(INPUT DATA begins)
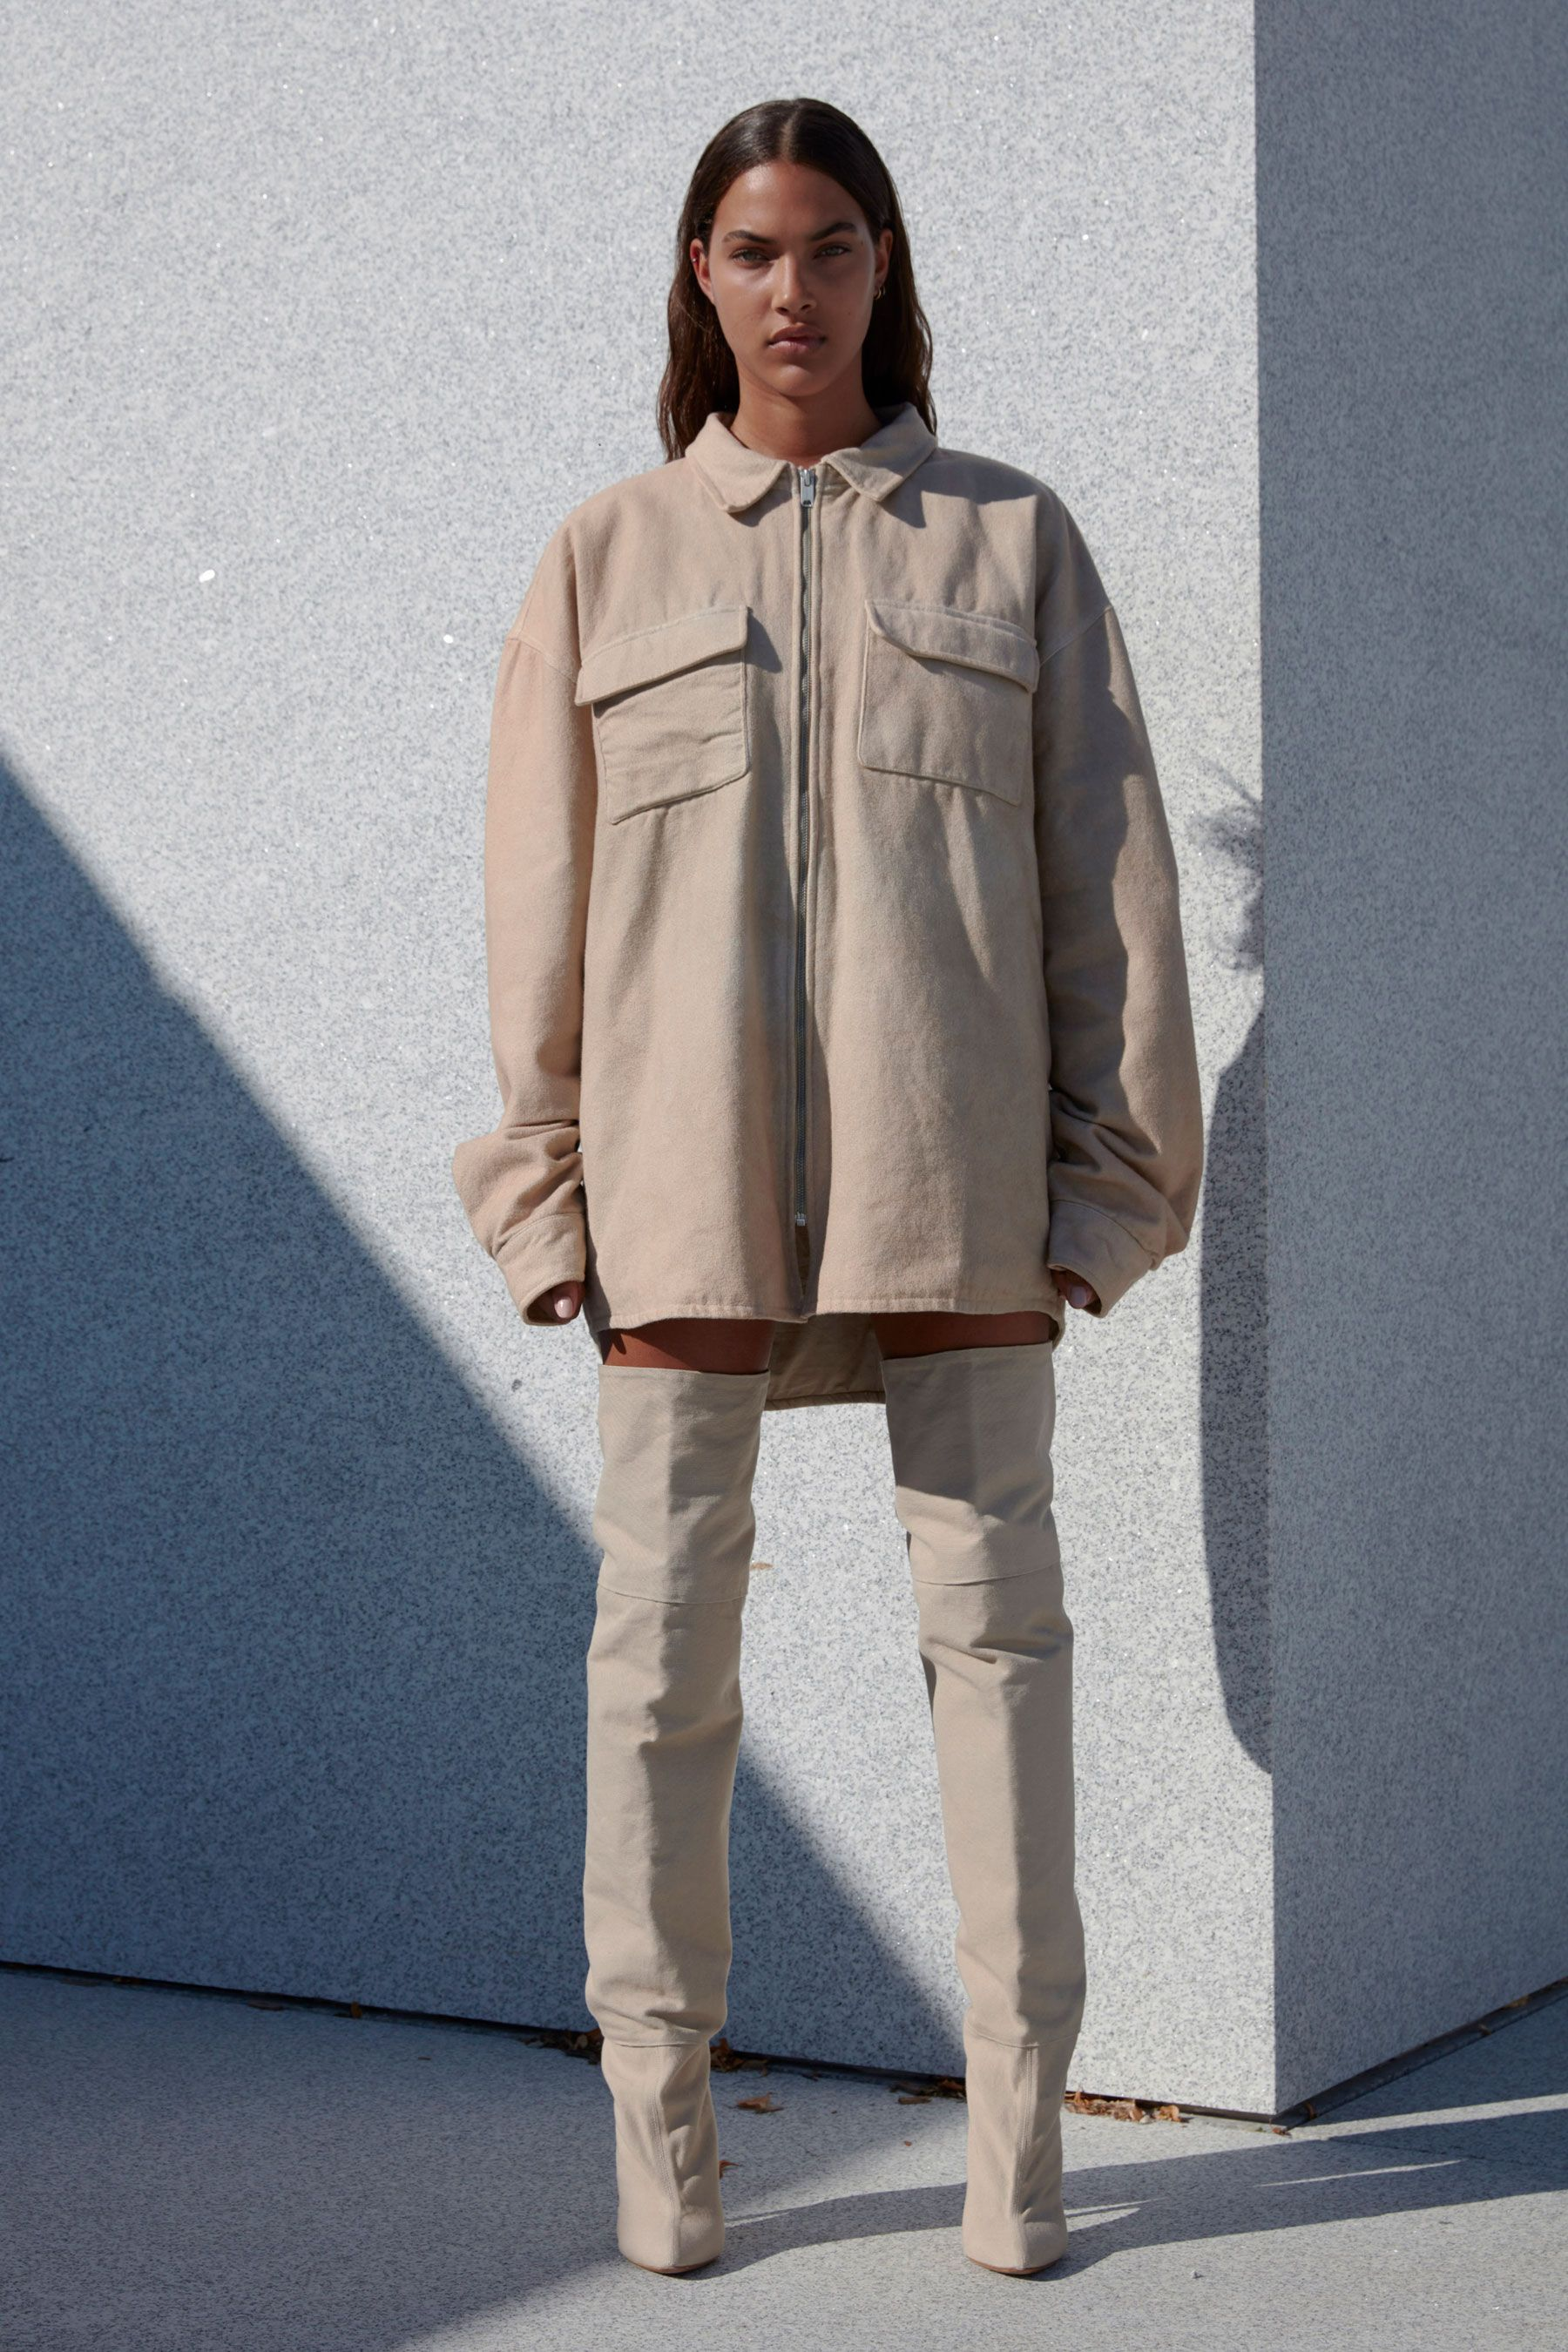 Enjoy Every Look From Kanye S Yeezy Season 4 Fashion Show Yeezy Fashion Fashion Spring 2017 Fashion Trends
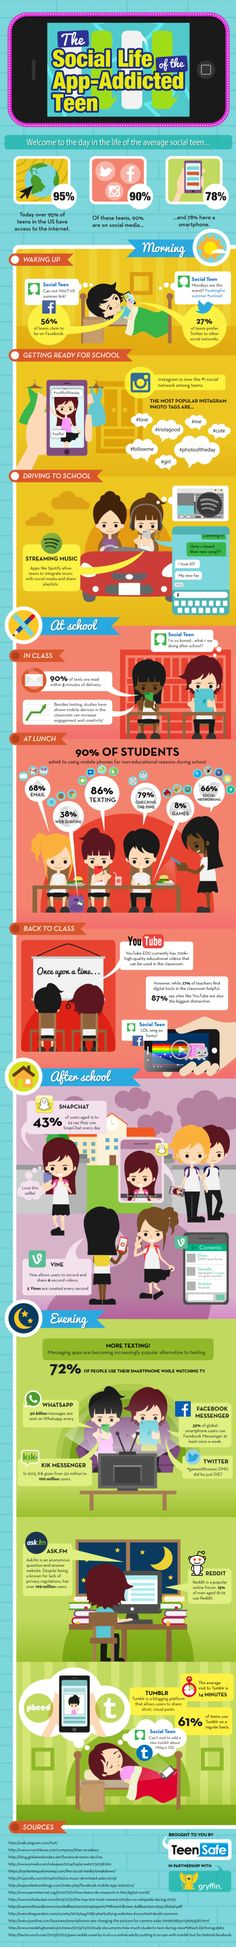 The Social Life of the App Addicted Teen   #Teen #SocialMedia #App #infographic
(INPUT DATA ends)
(INPUT DATA begins)
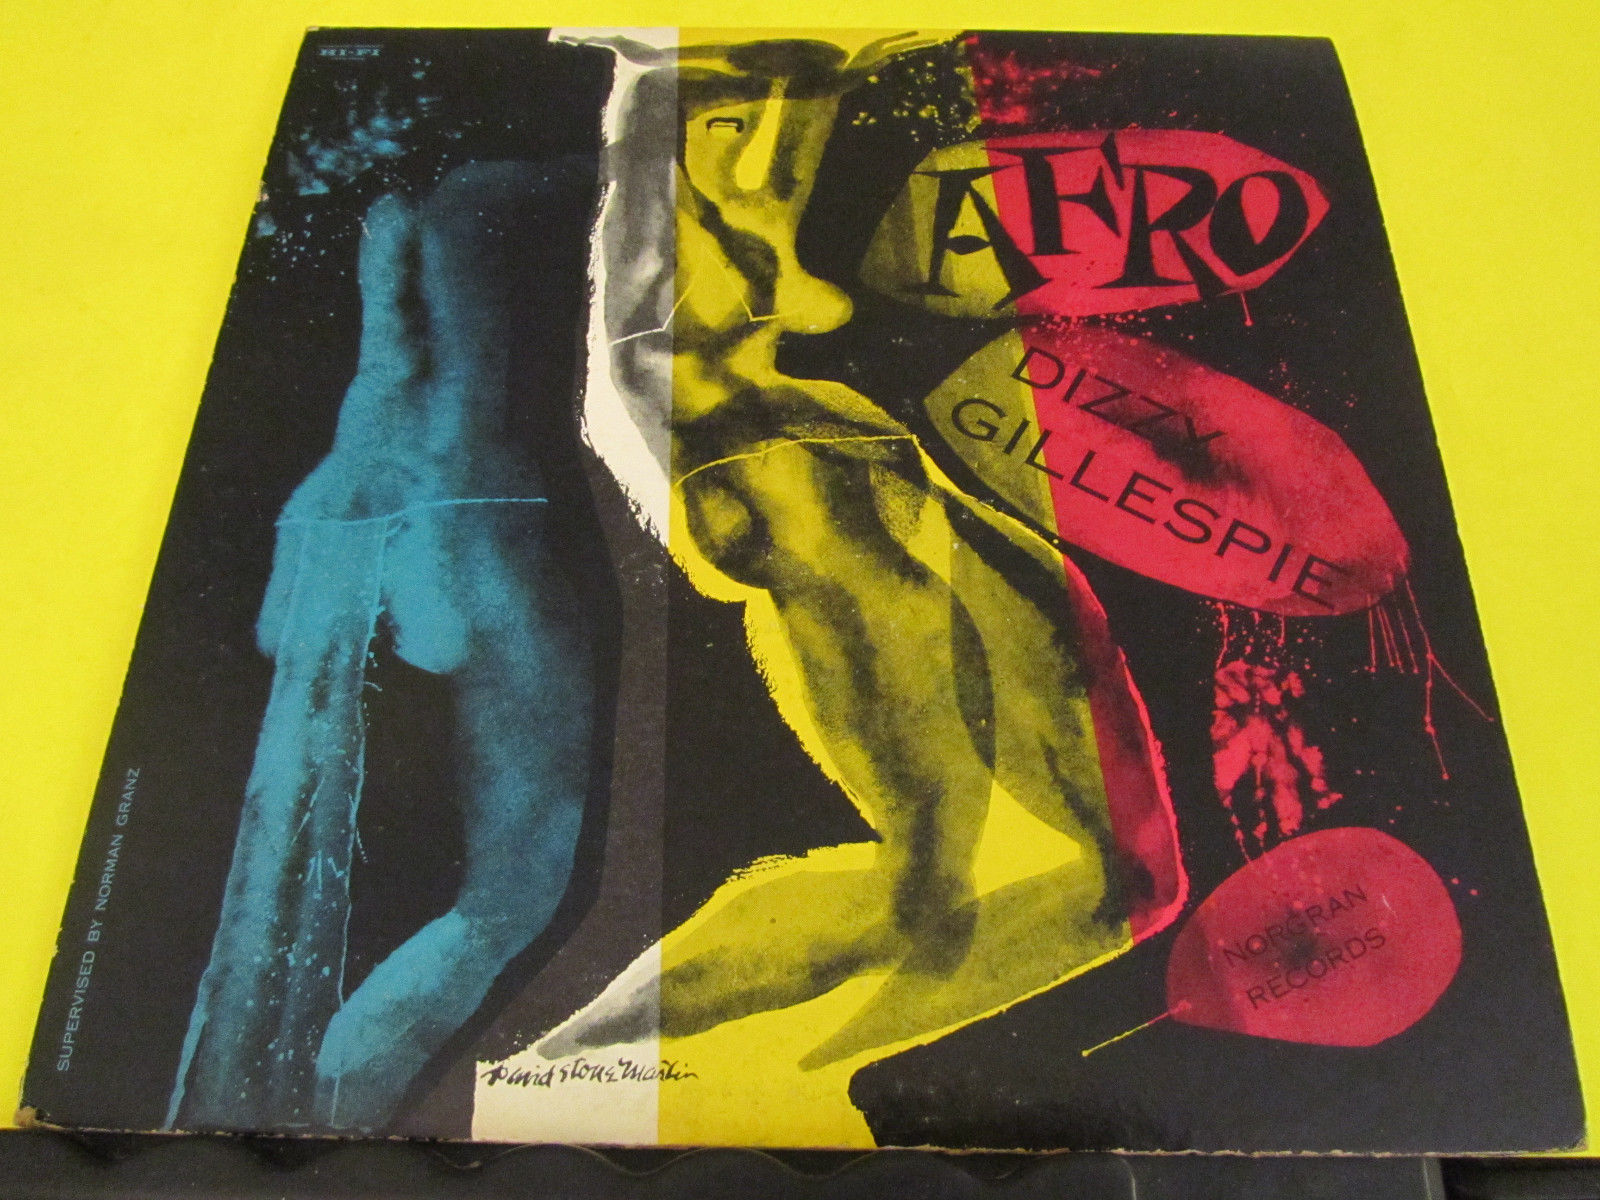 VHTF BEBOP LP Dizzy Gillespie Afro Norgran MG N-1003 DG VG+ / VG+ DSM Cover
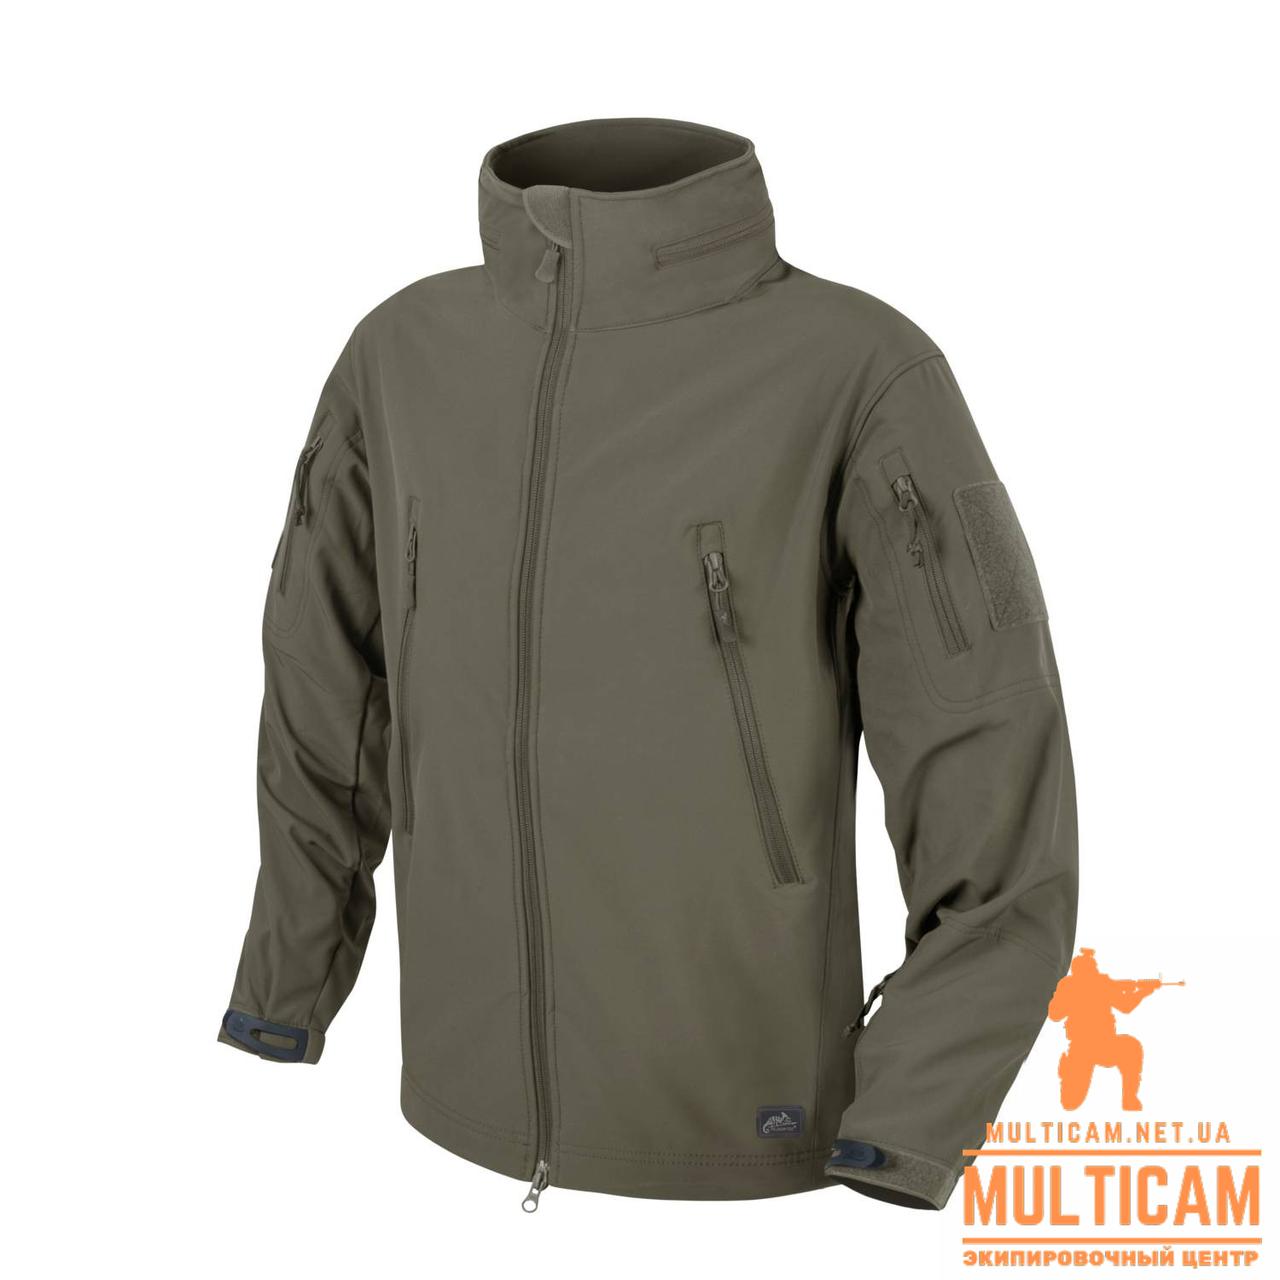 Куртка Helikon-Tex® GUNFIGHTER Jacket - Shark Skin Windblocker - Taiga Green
(INPUT DATA ends)
An exact copy is needed of the stretch above that opens with the line containing "Enjoy Every Look" and closes with the line containing "The Social Life"; the pictures are not part of it.

 Enjoy Every Look From Kanye S Yeezy Season 4 Fashion Show Yeezy Fashion Fashion Spring 2017 Fashion Trends
 The Social Life of the App Addicted Teen   #Teen #SocialMedia #App #infographic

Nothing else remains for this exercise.